WHAT IS NEEDED:
Copy out the whole listing exactly as given. Skip the pictures.

DATA PROVIDED:
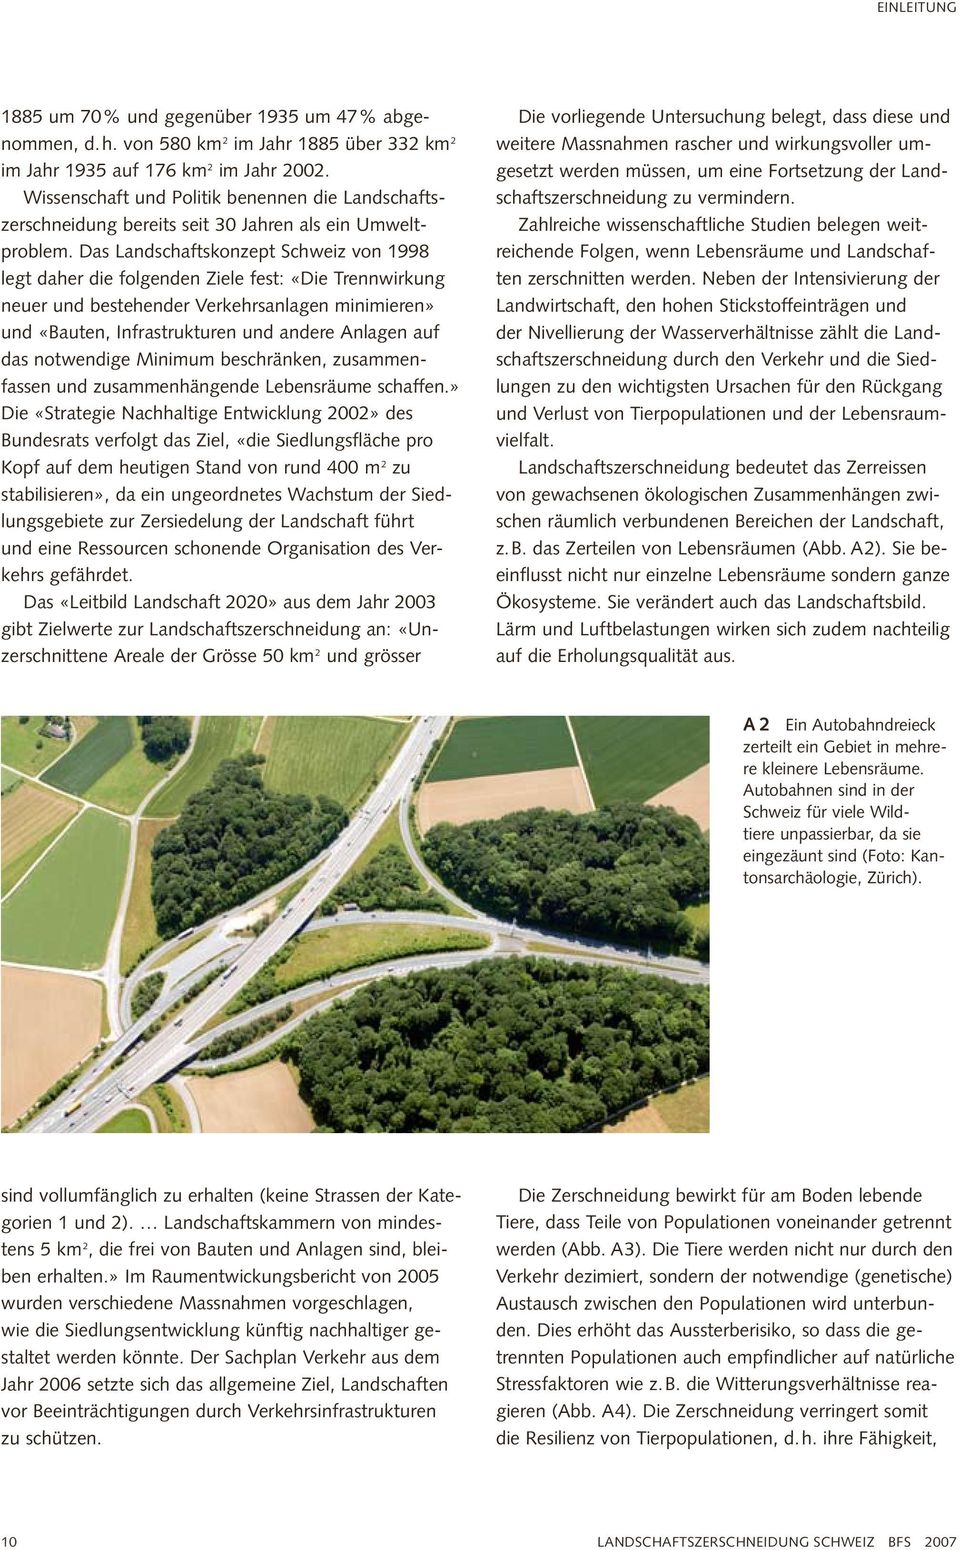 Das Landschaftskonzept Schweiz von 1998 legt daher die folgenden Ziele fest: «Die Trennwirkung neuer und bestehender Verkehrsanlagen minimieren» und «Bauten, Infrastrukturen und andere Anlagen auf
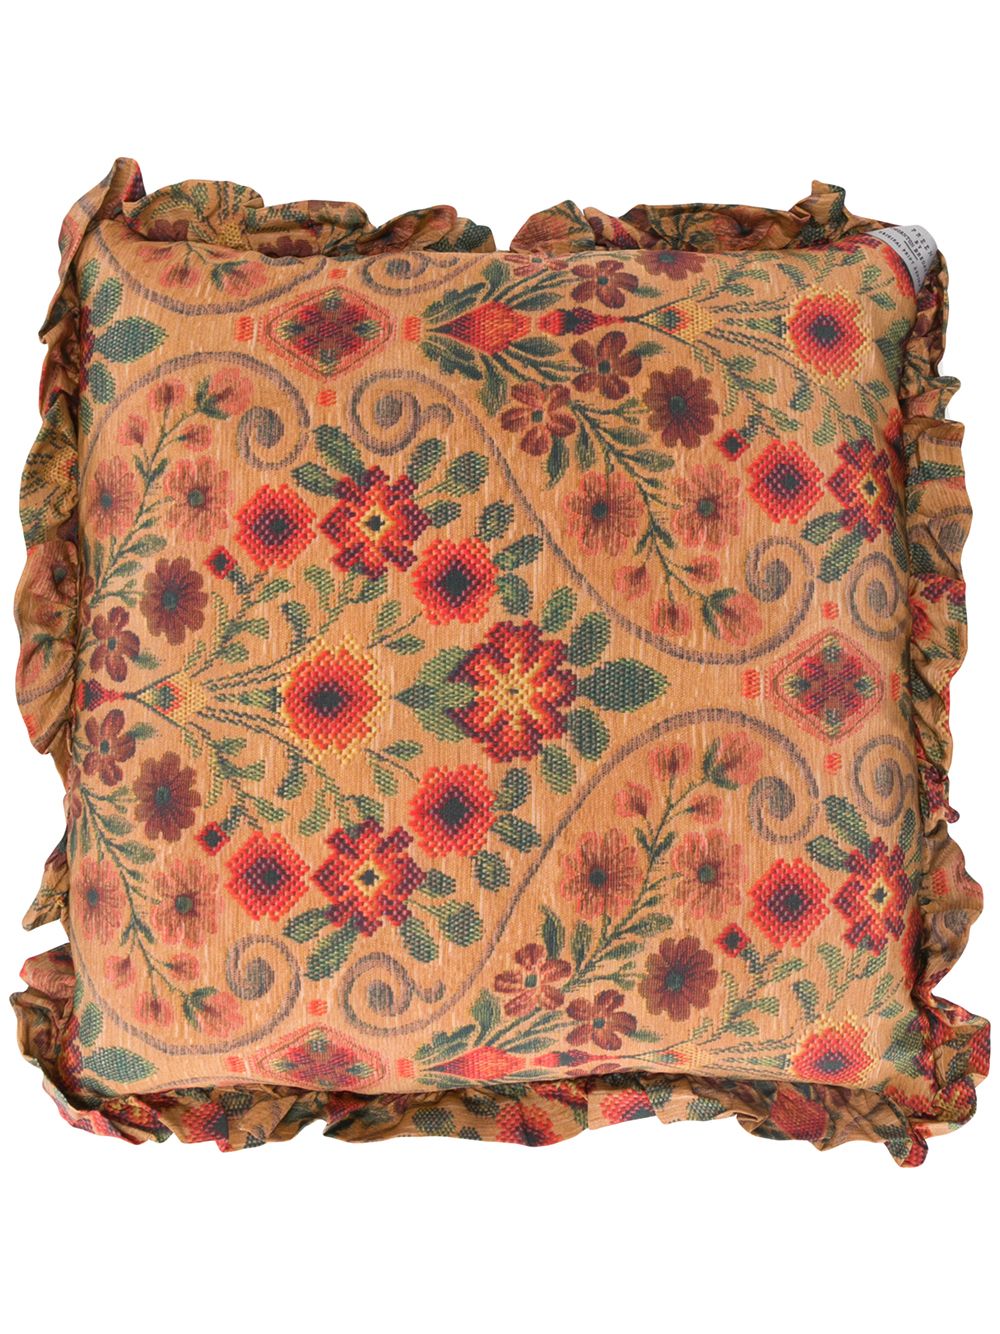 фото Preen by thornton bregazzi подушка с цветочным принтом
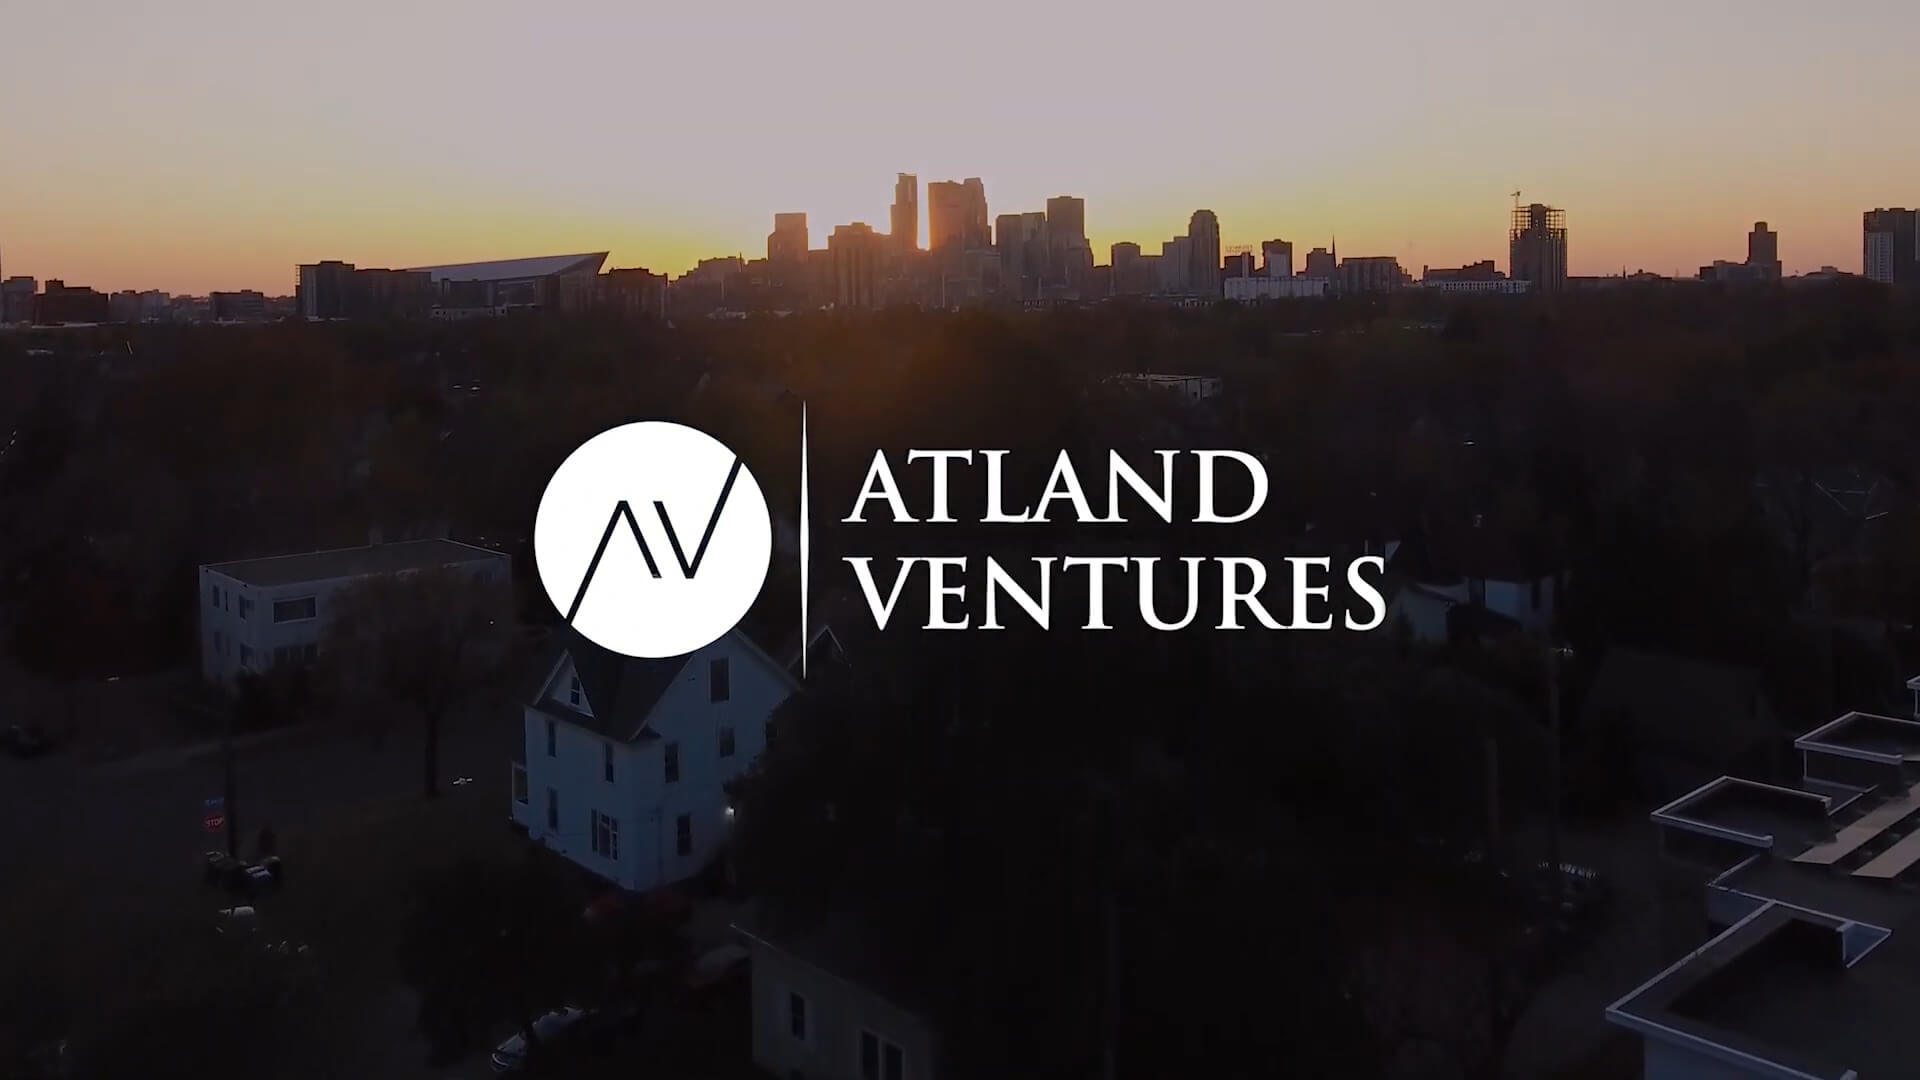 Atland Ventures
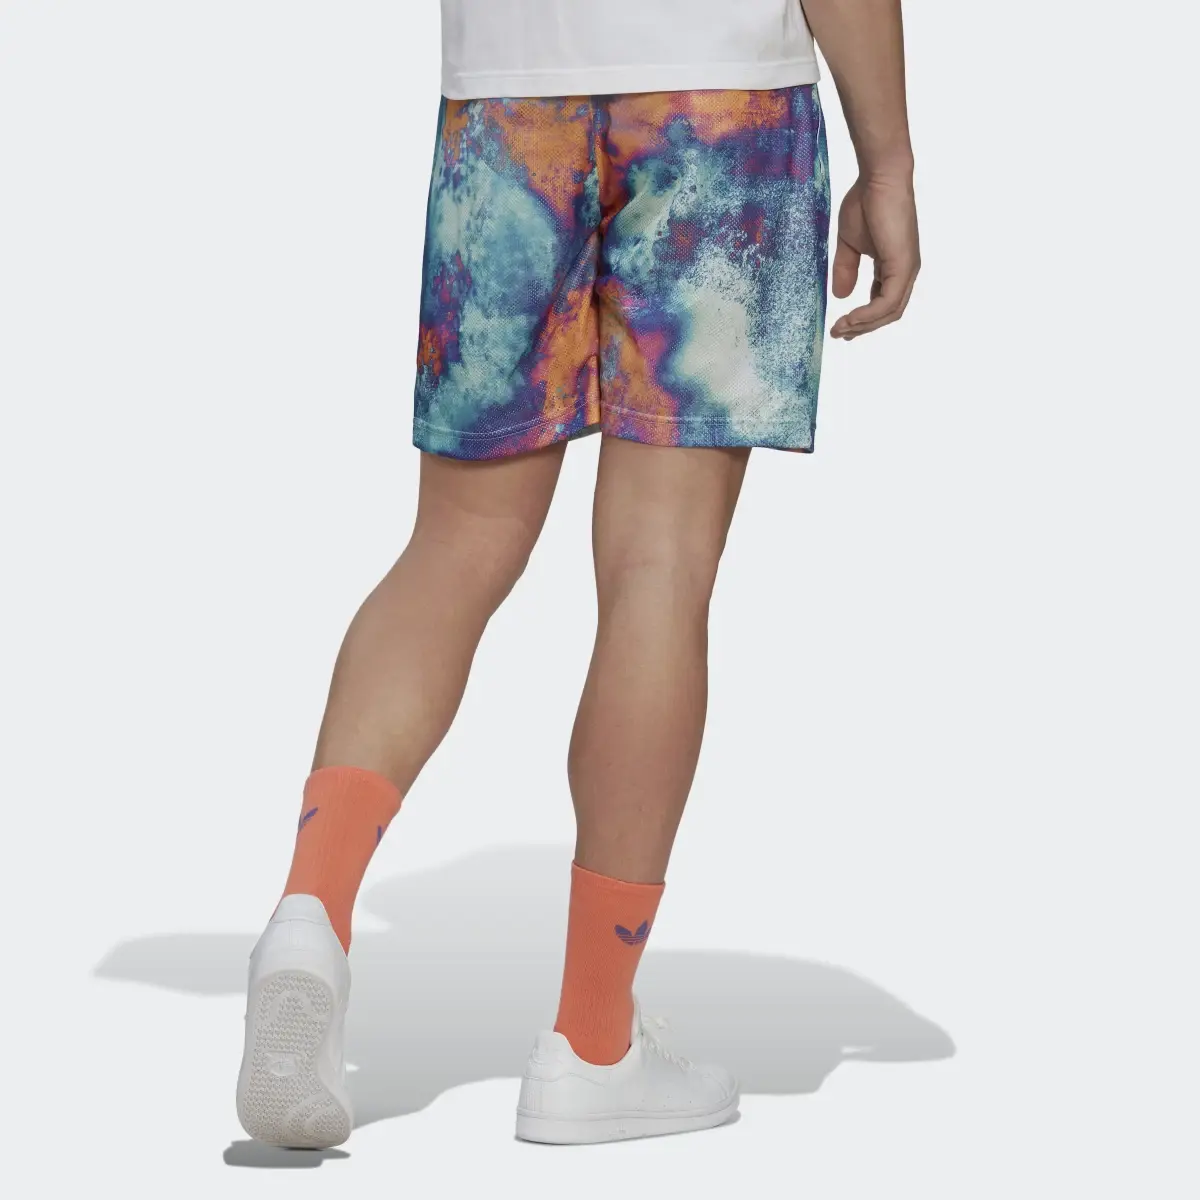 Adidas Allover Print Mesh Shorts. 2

ANSWER TO THIS TASK:
 Das Landschaftskonzept Schweiz von 1998 legt daher die folgenden Ziele fest: «Die Trennwirkung neuer und bestehender Verkehrsanlagen minimieren» und «Bauten, Infrastrukturen und andere Anlagen auf
 фото Preen by thornton bregazzi подушка с цветочным принтом
 Atland Ventures
 Adidas Allover Print Mesh Shorts. 2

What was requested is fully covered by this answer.